你如何屏幕刮? [英] How do you Screen Scrape?

查看:115
本文介绍了你如何屏幕刮?的处理方法,对大家解决问题具有一定的参考价值,需要的朋友们下面随着小编来一起学习吧!

问题描述

在没有Web服务API可用,你唯一的选择可能是屏幕抓取,但你如何在C#呢?

When there is no webservice API available, your only option might be to Screen Scrape, but how do you do it in c#?

你是怎么想干什么呢?

推荐答案

马特和保罗的答案是正确的。 屏幕刮从一个网站解析HTML通常是一个坏主意,因为:

Matt and Paul's answers are correct. "Screen scraping" by parsing the HTML from a website is usually a bad idea because:


  1. 解析HTML是很困难,尤其是如果它的格式不正确。如果你刮一个非常非常简单的页面,然后定期EX pressions可能会奏效。
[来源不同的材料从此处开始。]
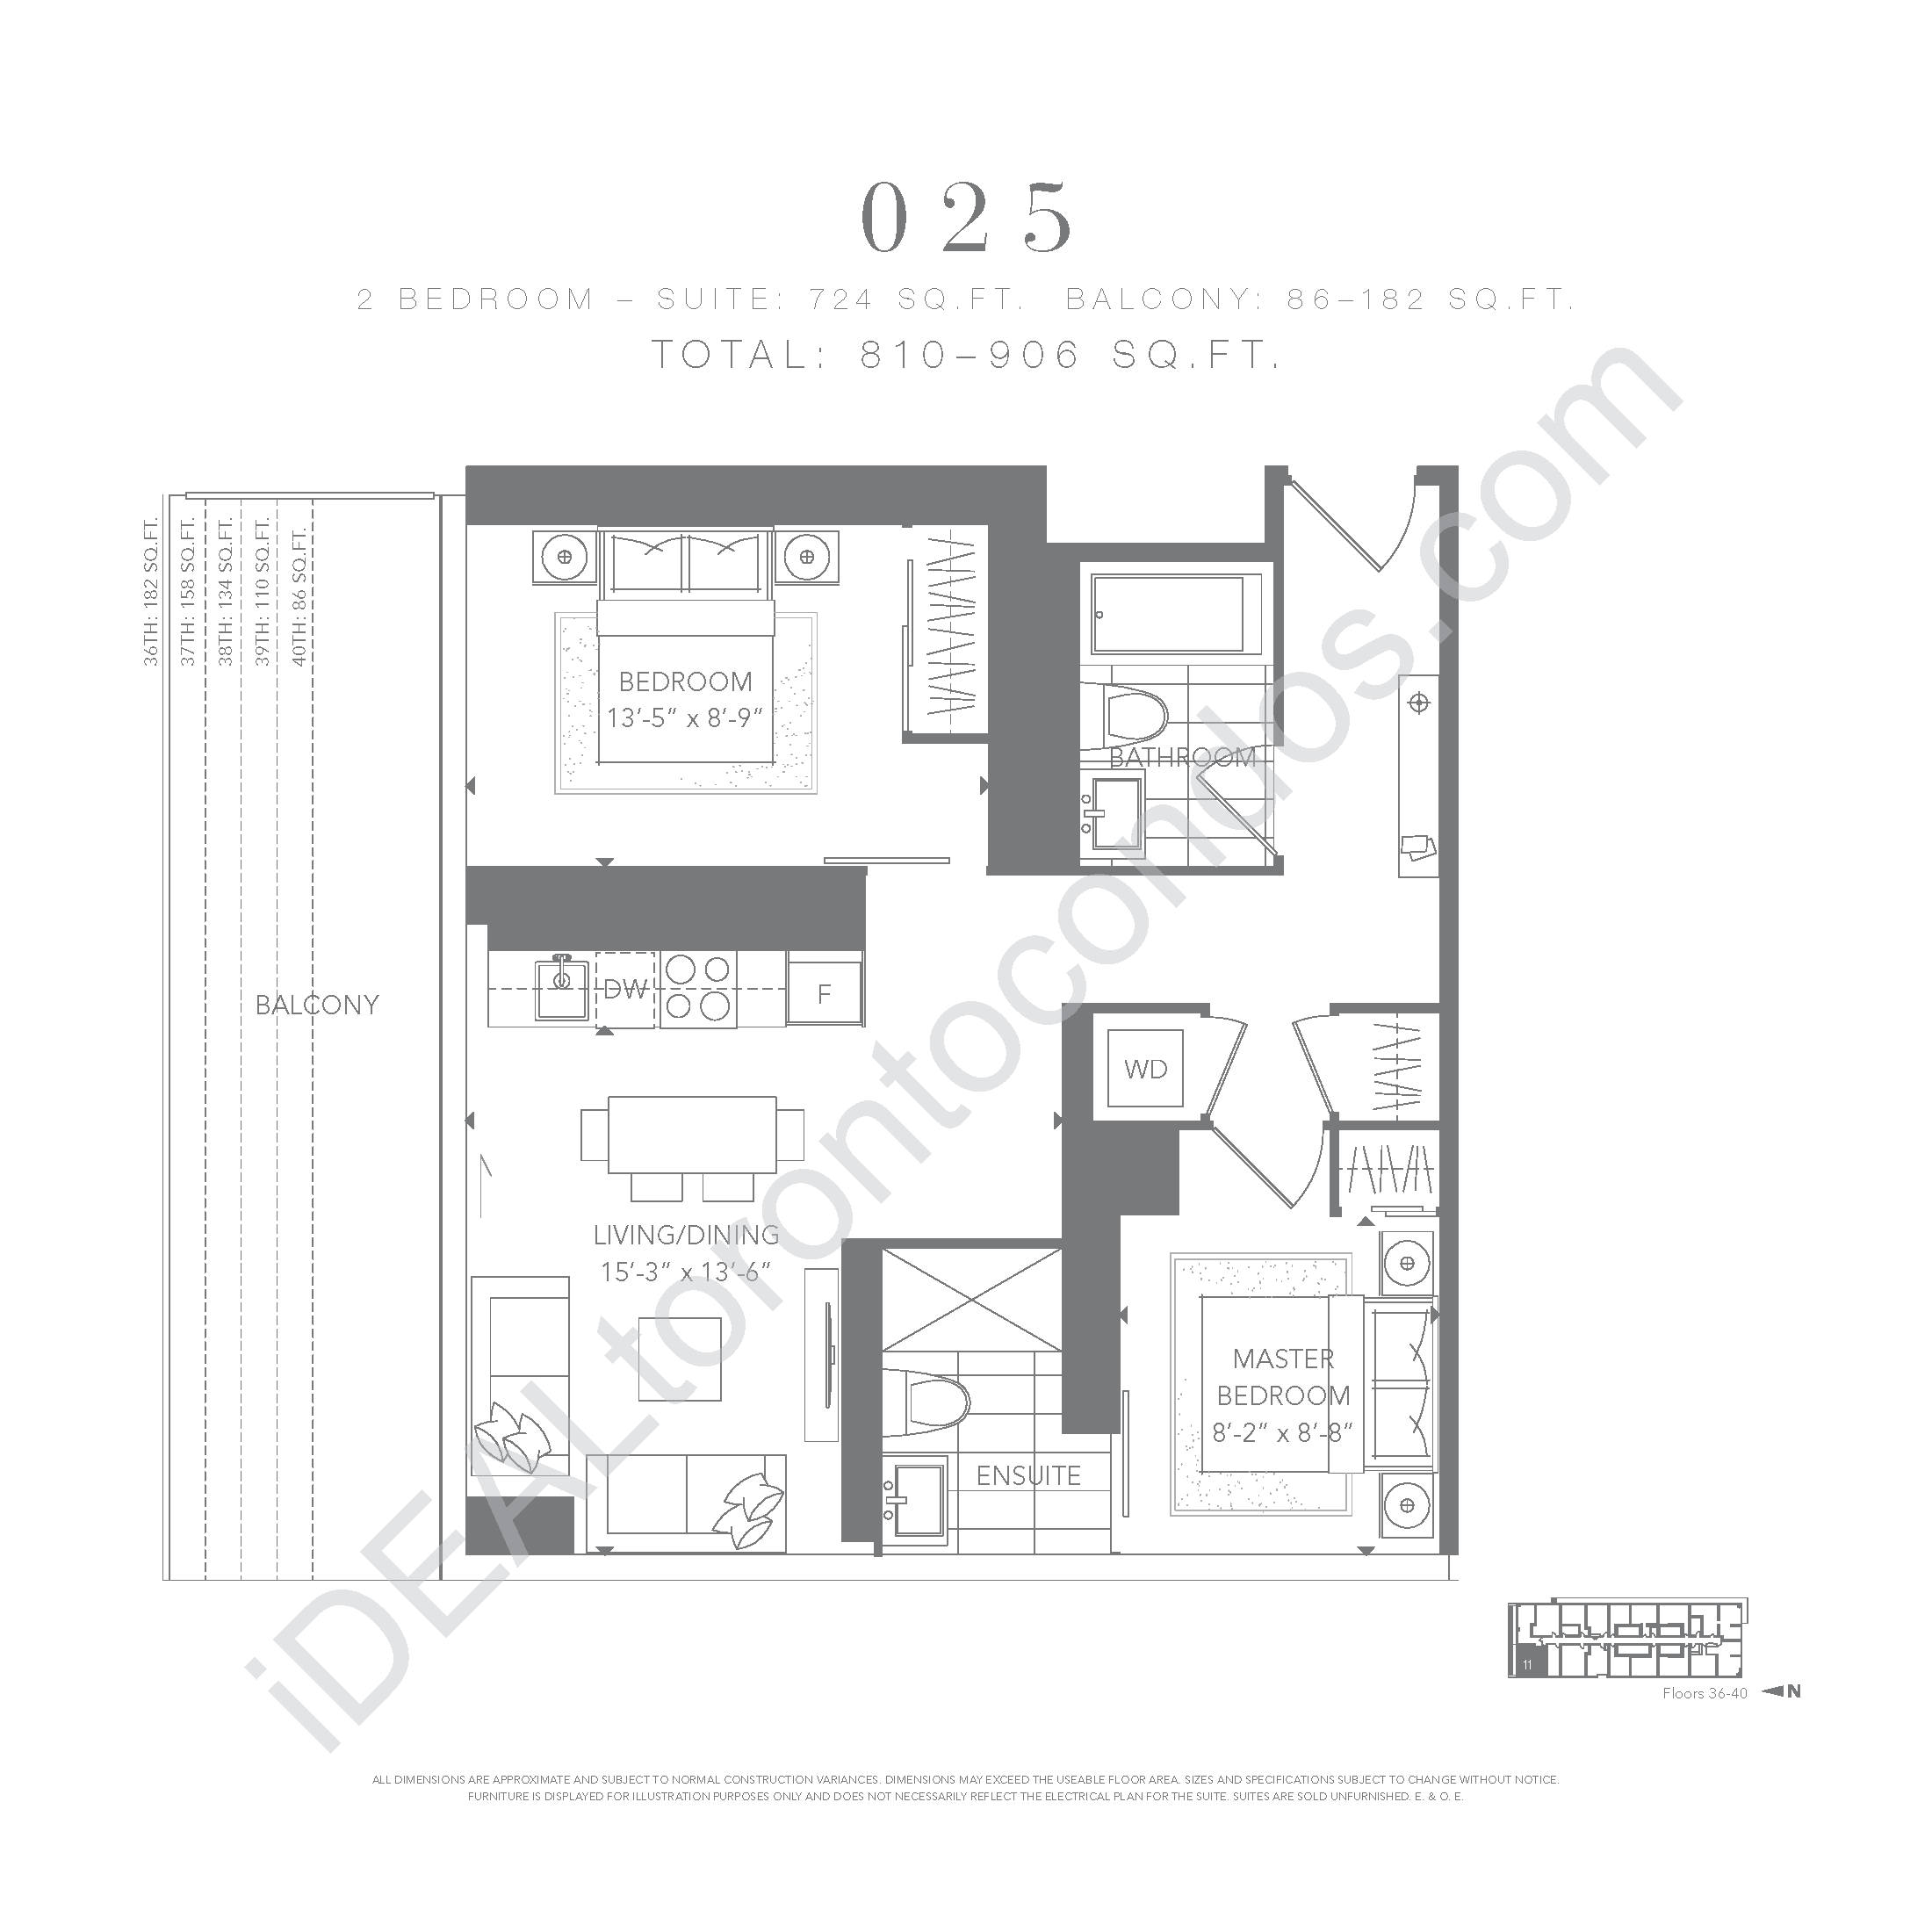 2 bedroom 025

否则,使用像HTML敏捷包解析框架。

  1. Parsing HTML can be difficult, especially if it's malformed. If you're scraping a very, very simple page then regular expressions might work. Otherwise, use a parsing framework like the HTML Agility Pack.

网站是一个移动的目标即可。你需要更新您的$ C $每个源网站改变了他们的标记结构时间C。

Websites are a moving target. You'll need to update your code each time the source website changes their markup structure.

屏幕抓取不使用Javascript 打好。如果目标网站使用任何类型的动态脚本来操纵网页你将有一个非常困难的时期刮它。这很容易抢HTTP响应,这是一个很大很难凑什么浏览器显示响应包含在响应客户端脚本。

Screen scraping doesn't play well with Javascript. If the target website is using any sort of dynamic script to manipulate the webpage you're going to have a very hard time scraping it. It's easy to grab the HTTP response, it's a lot harder to scrape what the browser displays in response to client-side script contained in that response.

如果屏幕抓取是唯一的选择,这里有一些成功的关键:


  1. 让它尽可能容易改变你看看的模式。如果可能的话,存储该模式为文本文件或在资源文件中的某个地方。使它很容易为​​其他开发人员(或自己在3个月),了解哪些标记你希望找到。

  1. Make it as easy as possible to change the patterns you look for. If possible, store the patterns as text files or in a resource file somewhere. Make it very easy for other developers (or yourself in 3 months) to understand what markup you expect to find.

验证输入并抛出有意义的异常。在您解析code,小心让你的异常非常有帮助。靶位点的将会的变化对你,这种情况发生时,你希望你的错误信息,告诉你不仅什么code的一部分失败了,但是的为什么的失败。同时提及您正在寻找的模式,你是对比较文本。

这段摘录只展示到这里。